» Dataset excerpt:
○ ○ ○ ○ ○ ○ ○
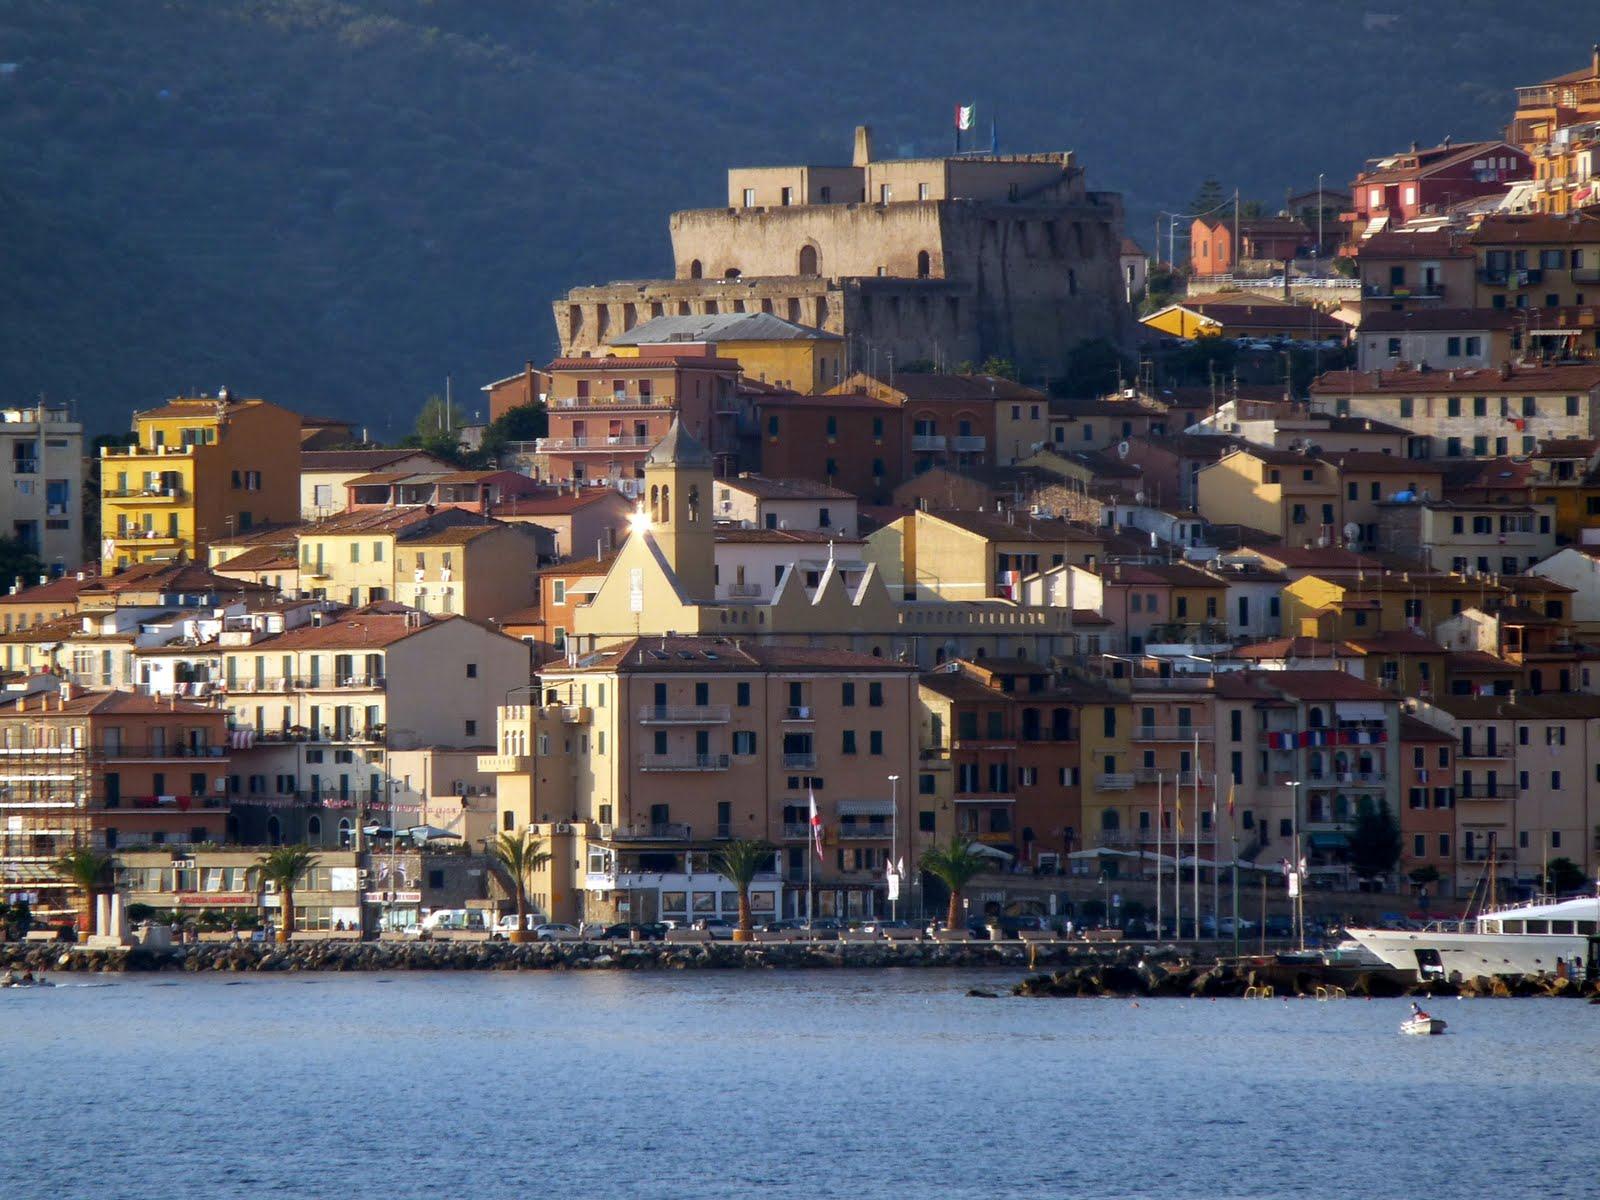 giro fortezza spagnola antica nave greca monte argentario isola del giglio giglionews
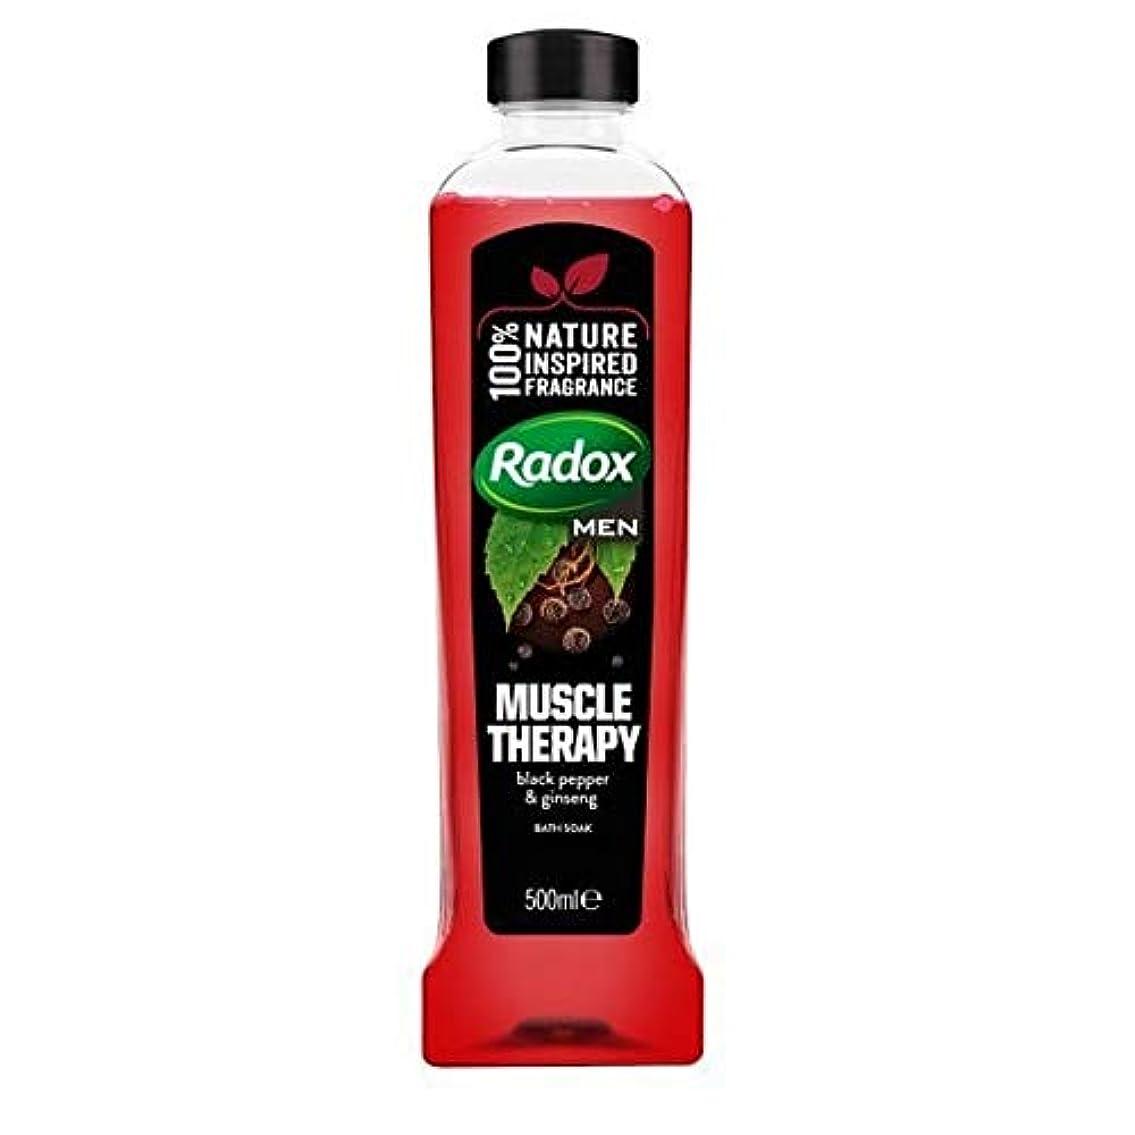 誇張天窓委員会[Radox] Radoxは、500ミリリットルのソーク良い香り筋肉の治療風呂を感じます - Radox Feel Good Fragrance Muscle Therapy Bath Soak 500ml [並行輸入品]
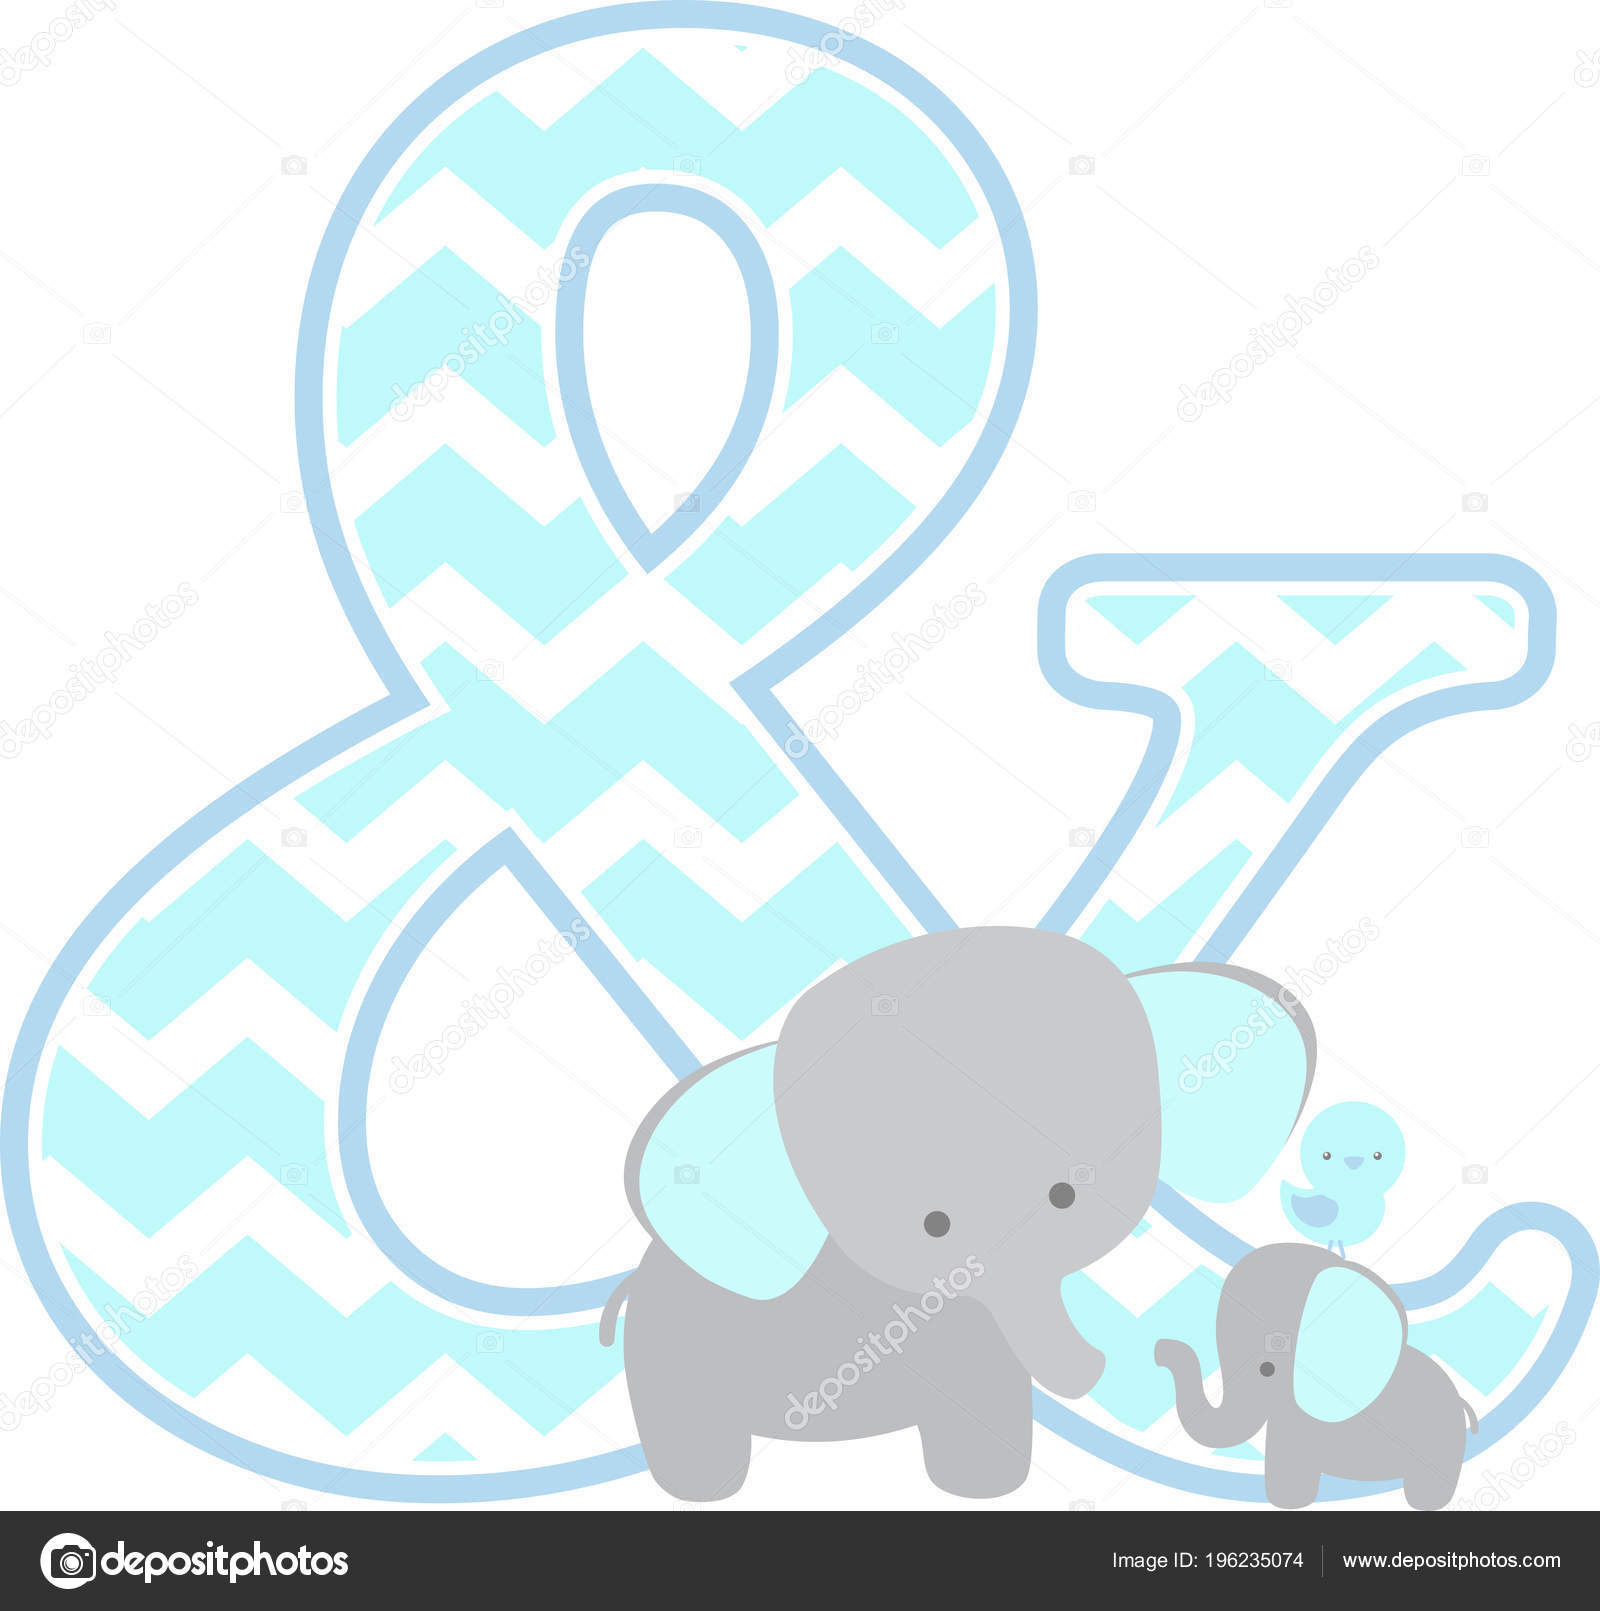 Kaufmannisches Symbol Mit Niedlichen Elefanten Und Kleine Baby
○ ○ ○ ○ ○ ○ ○
» Exercise prompt: Give back the full data exactly as it reads, but drop the pictures.

» Result of the exercise:
 giro fortezza spagnola antica nave greca monte argentario isola del giglio giglionews
 誇張天窓委員会[Radox] Radoxは、500ミリリットルのソーク良い香り筋肉の治療風呂を感じます - Radox Feel Good Fragrance Muscle Therapy Bath Soak 500ml [並行輸入品]
 Kaufmannisches Symbol Mit Niedlichen Elefanten Und Kleine Baby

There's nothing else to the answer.